**Exercise goal:** Only one stretch of the listing below is wanted. Give it again exactly, from the line with "法令信仰ディンカルビルDETクリア ブライト&ピール ホットクレンジング" through the line with "Однотонная декоративная ткань".

**Entries supplied:**
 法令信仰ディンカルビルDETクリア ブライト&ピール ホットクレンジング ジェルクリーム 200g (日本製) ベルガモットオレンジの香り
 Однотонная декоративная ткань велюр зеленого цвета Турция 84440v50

...

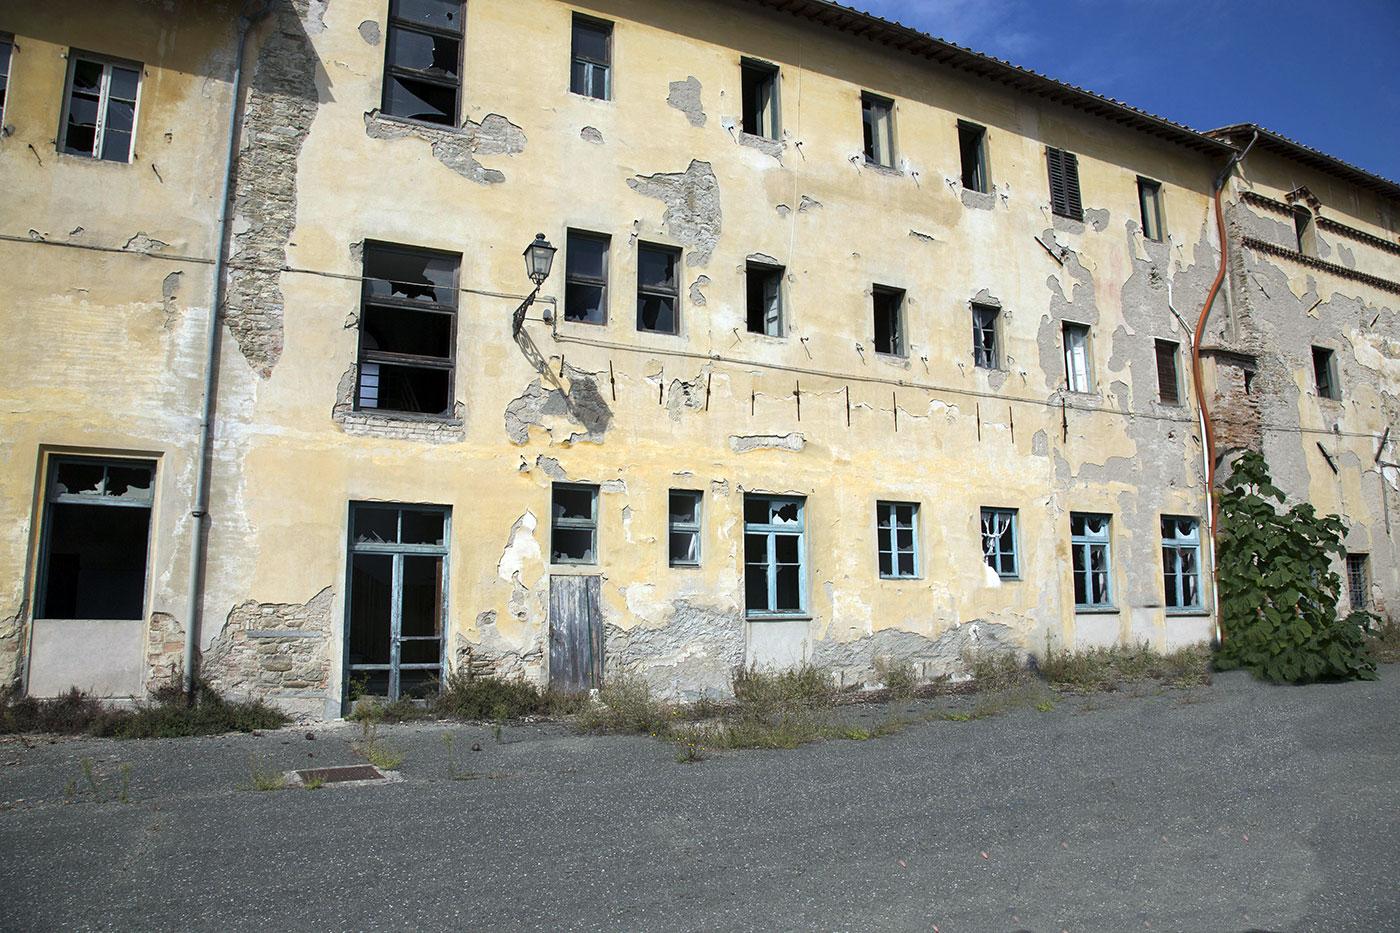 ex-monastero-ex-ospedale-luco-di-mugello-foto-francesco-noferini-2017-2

**Task output:**
 法令信仰ディンカルビルDETクリア ブライト&ピール ホットクレンジング ジェルクリーム 200g (日本製) ベルガモットオレンジの香り
 Однотонная декоративная ткань велюр зеленого цвета Турция 84440v50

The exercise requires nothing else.